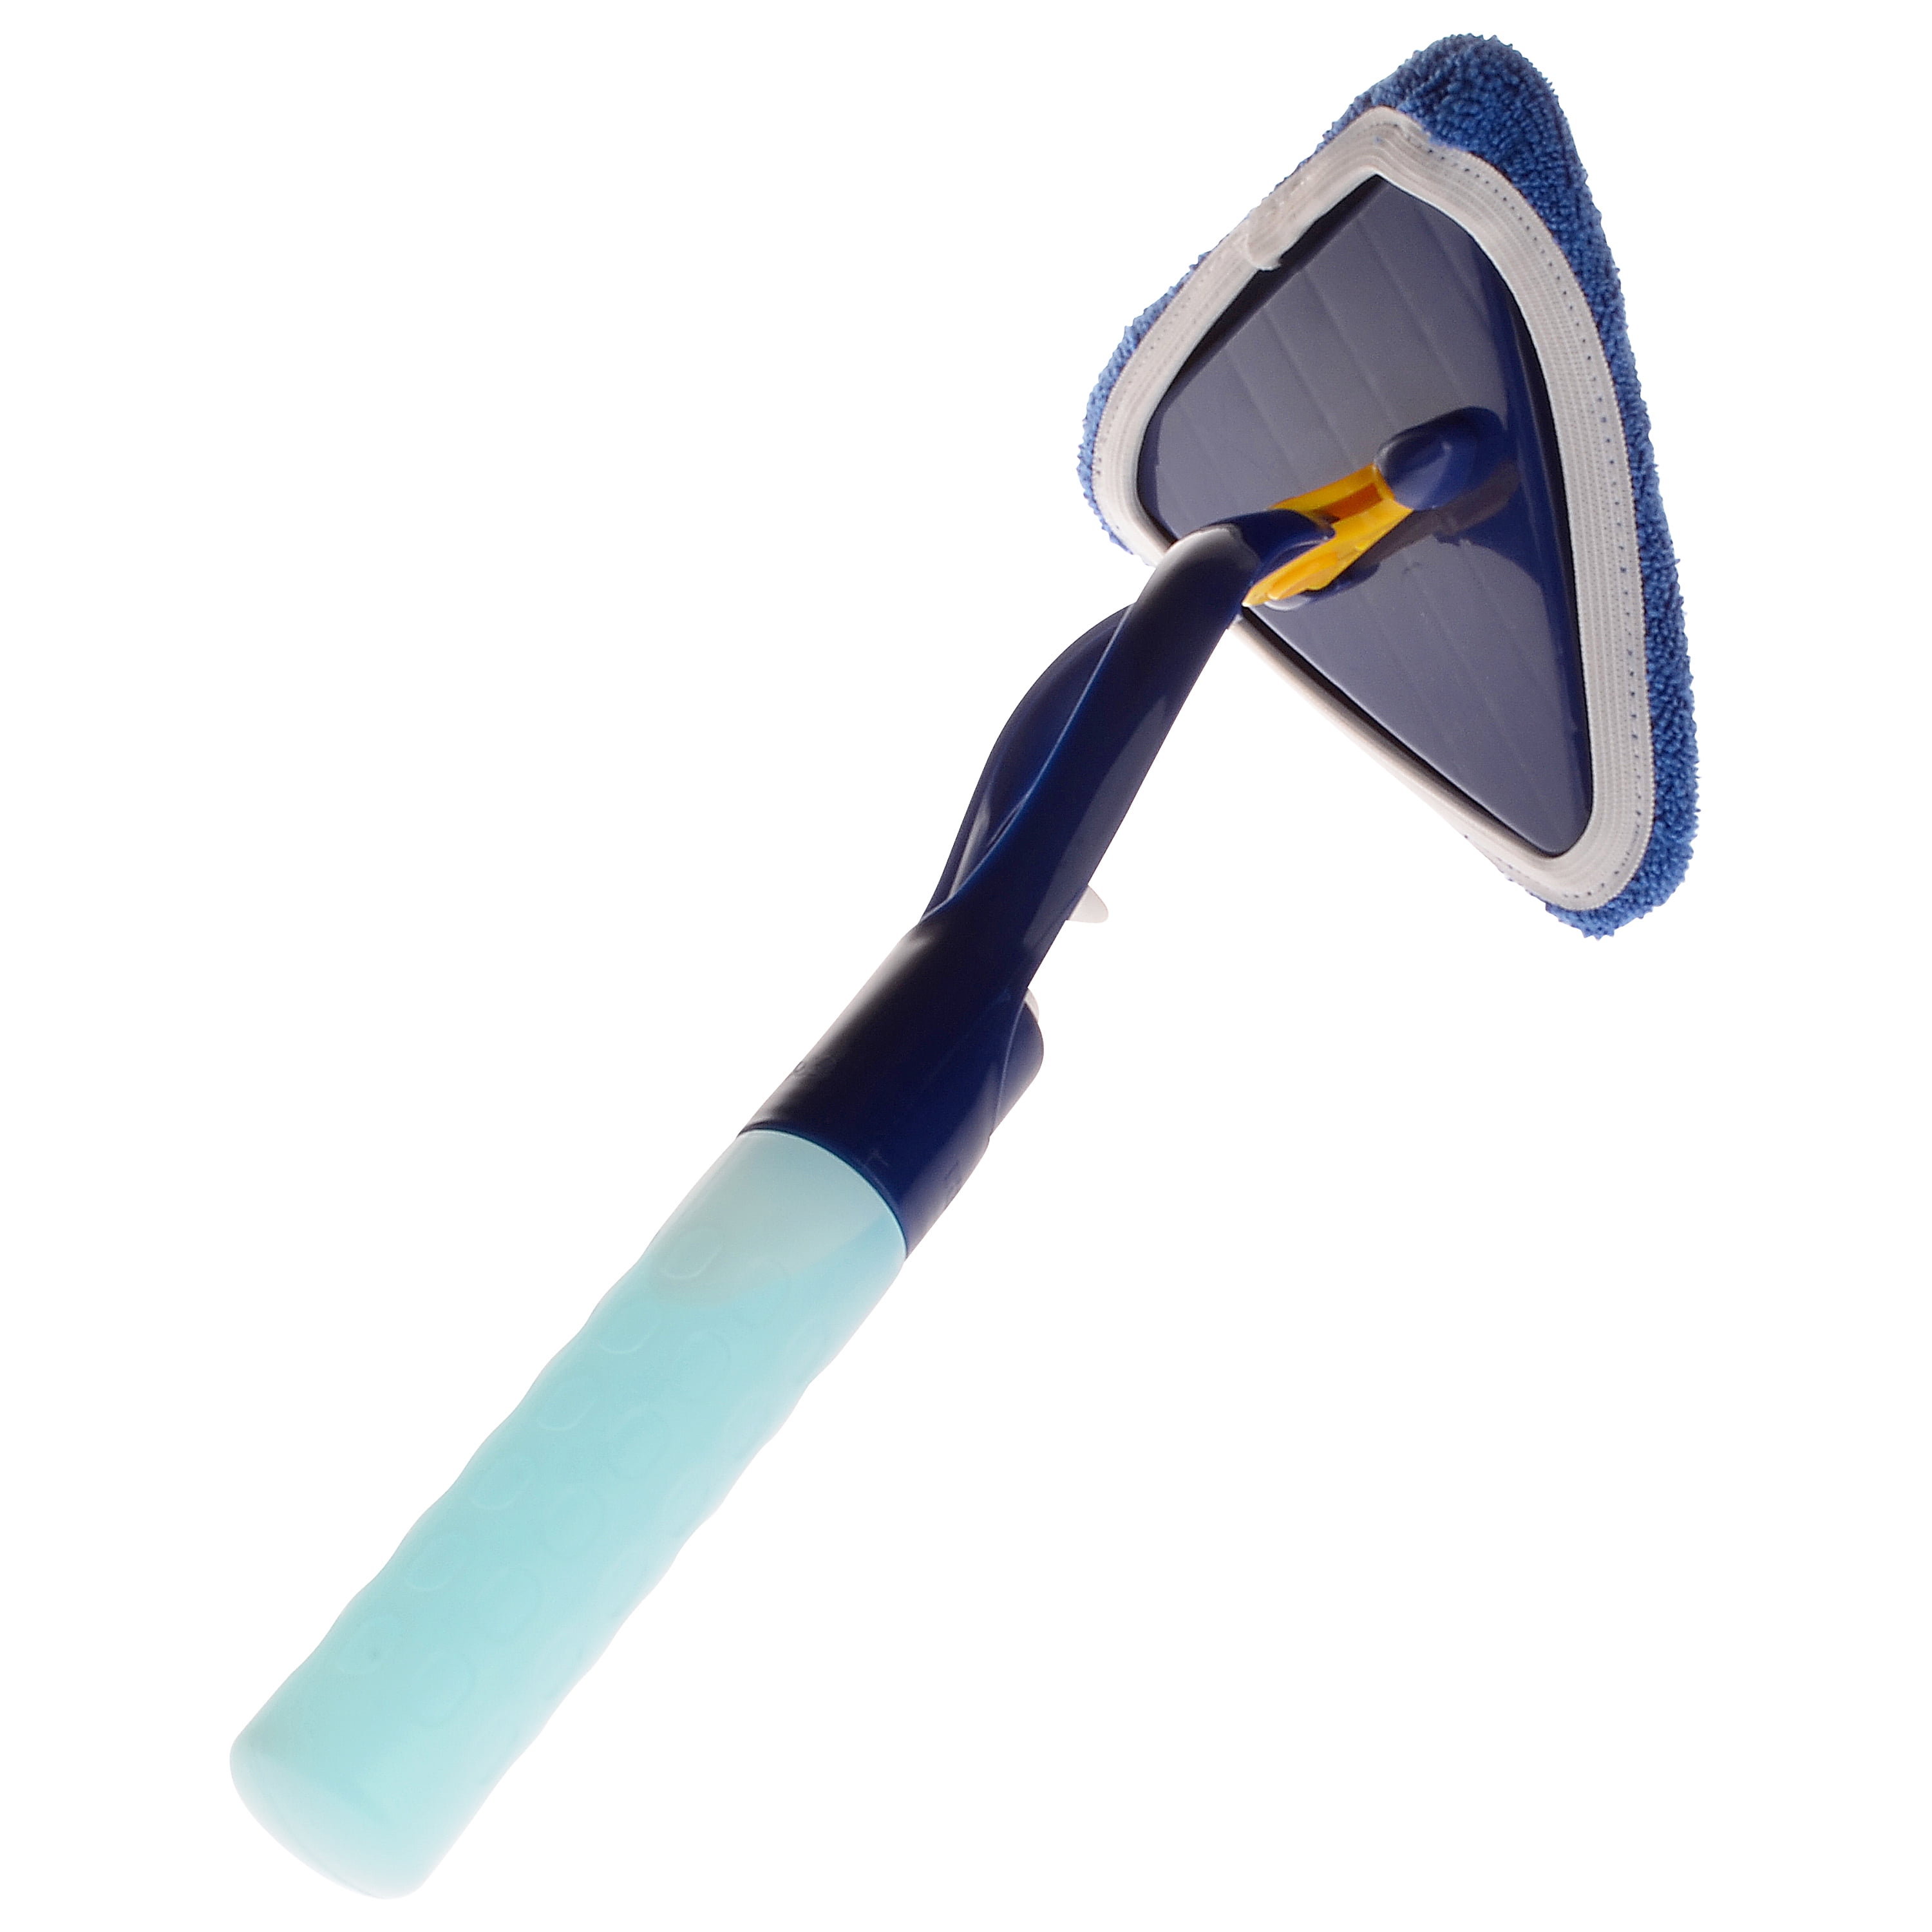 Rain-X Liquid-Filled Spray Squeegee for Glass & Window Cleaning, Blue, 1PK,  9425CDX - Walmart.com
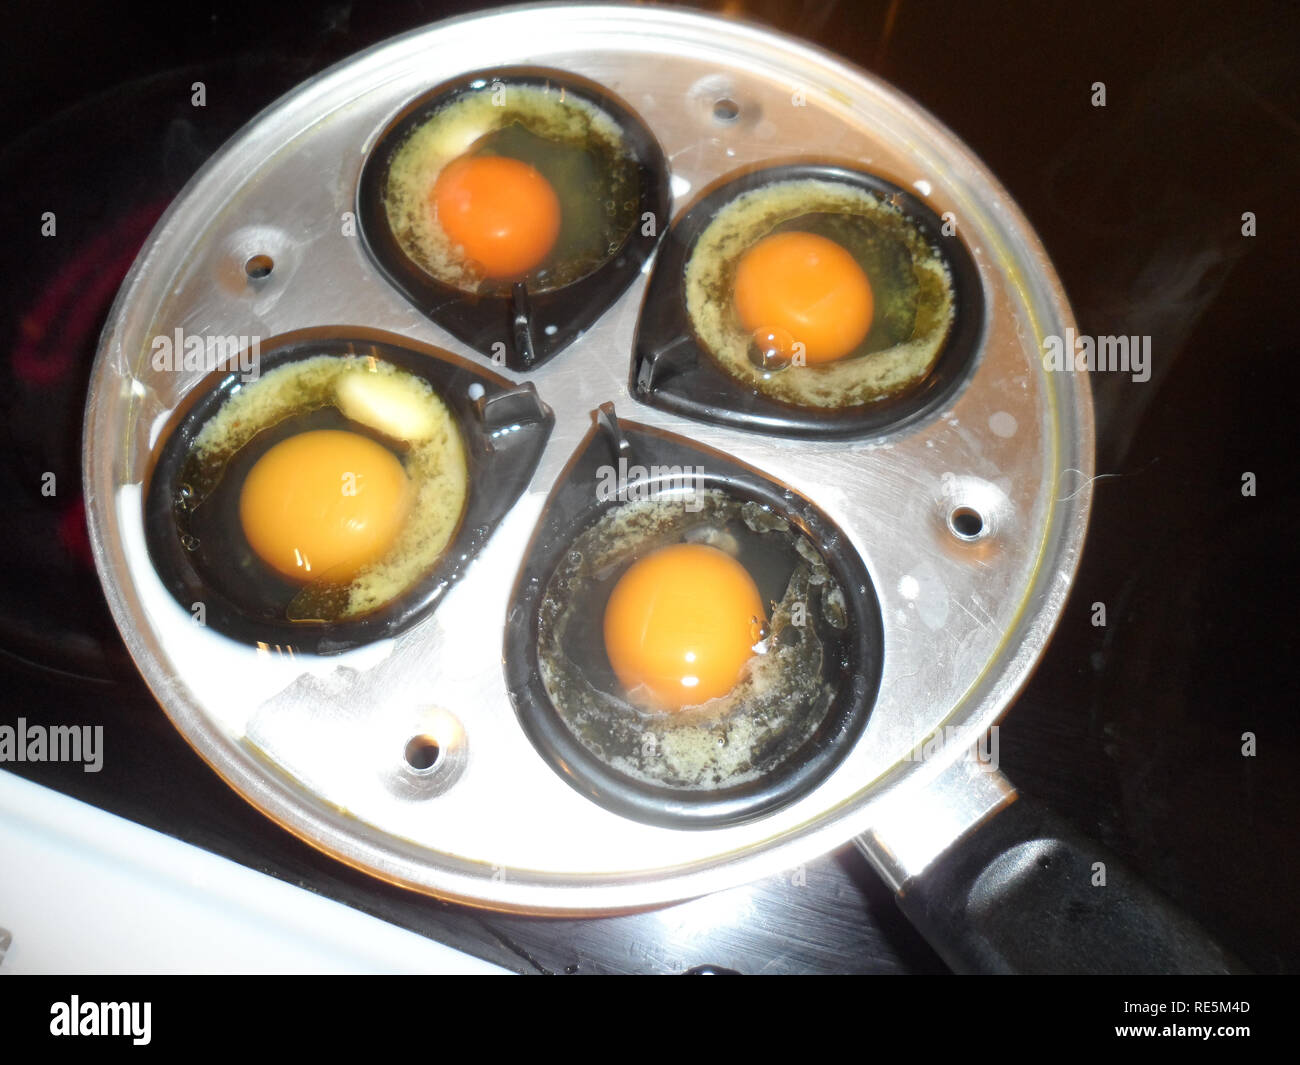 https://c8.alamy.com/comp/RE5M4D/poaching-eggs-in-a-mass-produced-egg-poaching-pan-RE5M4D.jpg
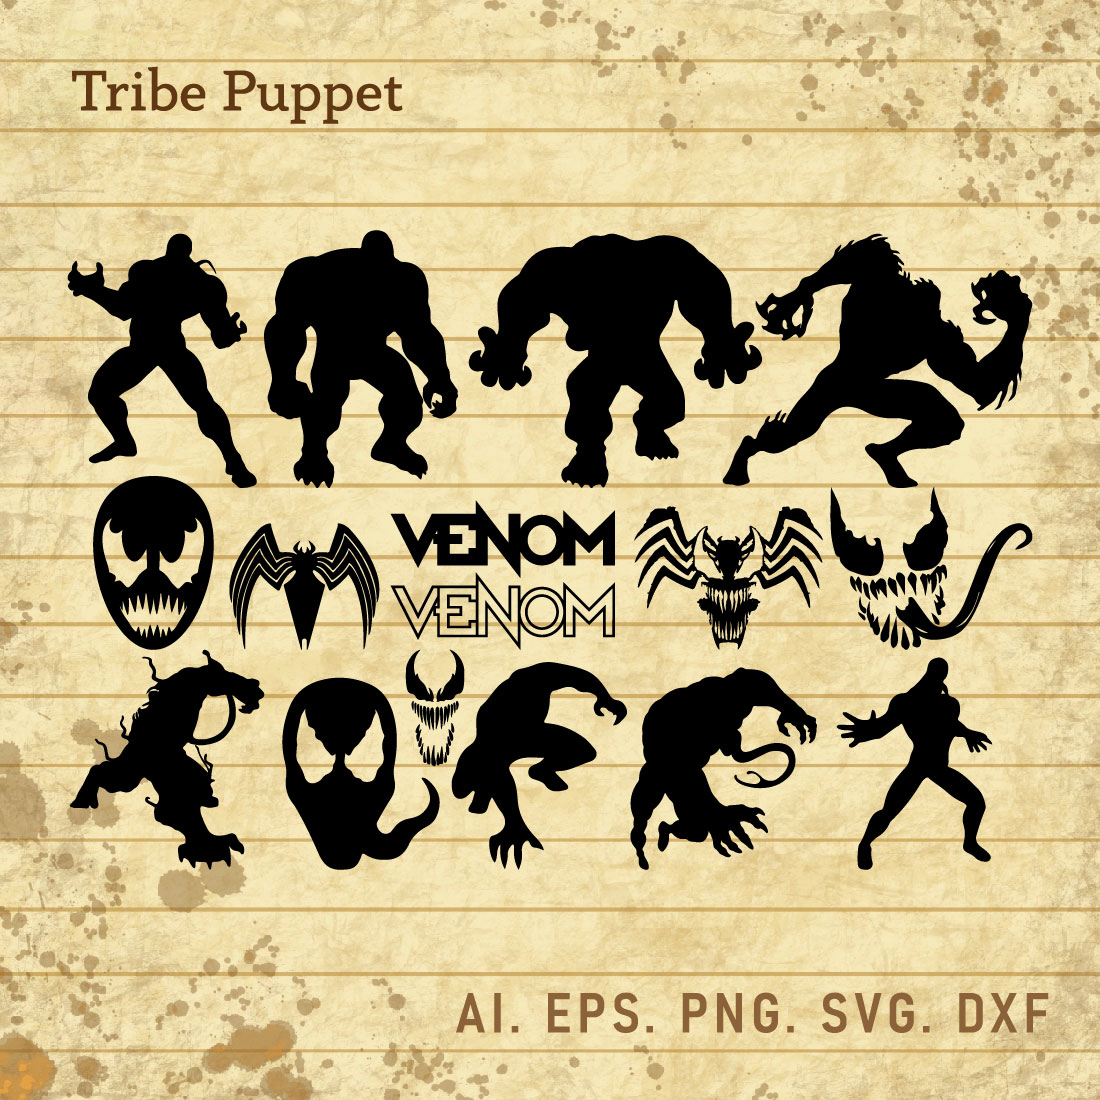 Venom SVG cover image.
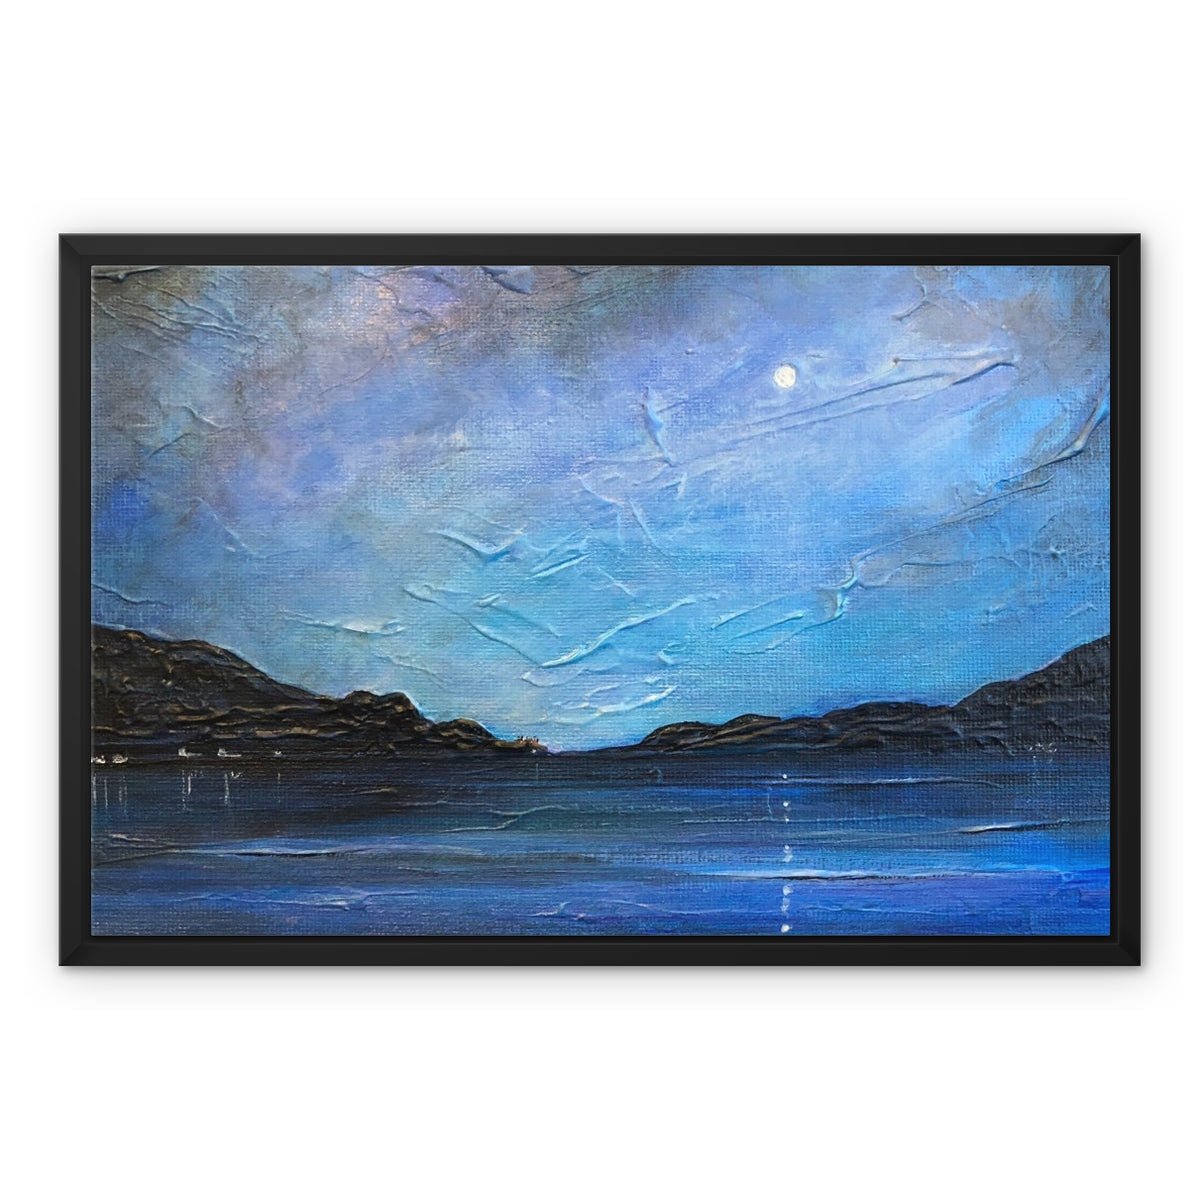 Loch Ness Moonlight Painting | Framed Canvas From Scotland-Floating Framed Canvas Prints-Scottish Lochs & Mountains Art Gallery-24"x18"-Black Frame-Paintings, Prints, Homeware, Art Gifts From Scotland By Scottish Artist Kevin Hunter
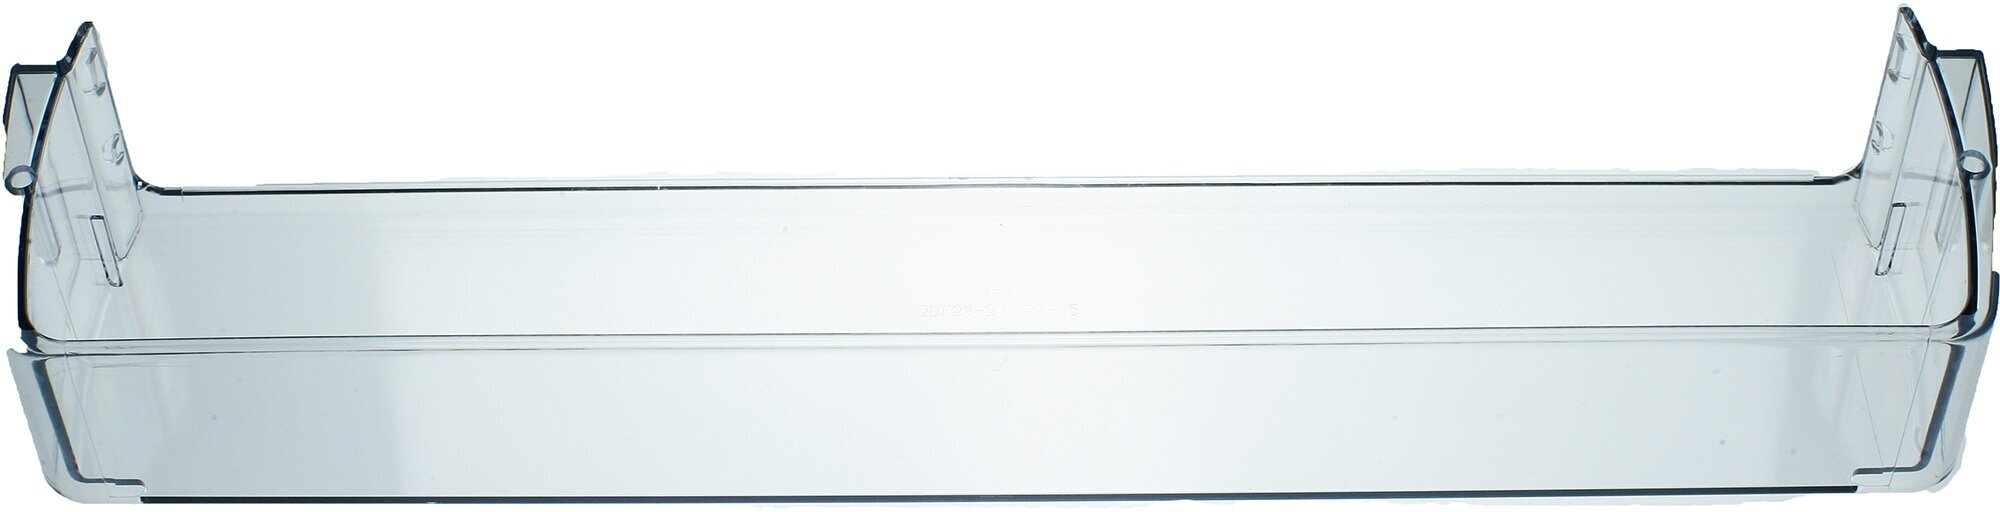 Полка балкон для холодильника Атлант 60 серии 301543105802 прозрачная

+++

All of the entries above are to be transcribed word for word, with no pictures included.

 Rain-X Liquid-Filled Spray Squeegee for Glass & Window Cleaning, Blue, 1PK,  9425CDX - Walmart.com
 https://c8.alamy.com/comp/RE5M4D/poaching-eggs-in-a-mass-produced-egg-poaching-pan-RE5M4D.jpg
 Venom SVG cover image.
 Loch Ness Moonlight Painting | Framed Canvas From Scotland-Floating Framed Canvas Prints-Scottish Lochs & Mountains Art Gallery-24"x18"-Black Frame-Paintings, Prints, Homeware, Art Gifts From Scotland By Scottish Artist Kevin Hunter
 Полка балкон для холодильника Атлант 60 серии 301543105802 прозрачная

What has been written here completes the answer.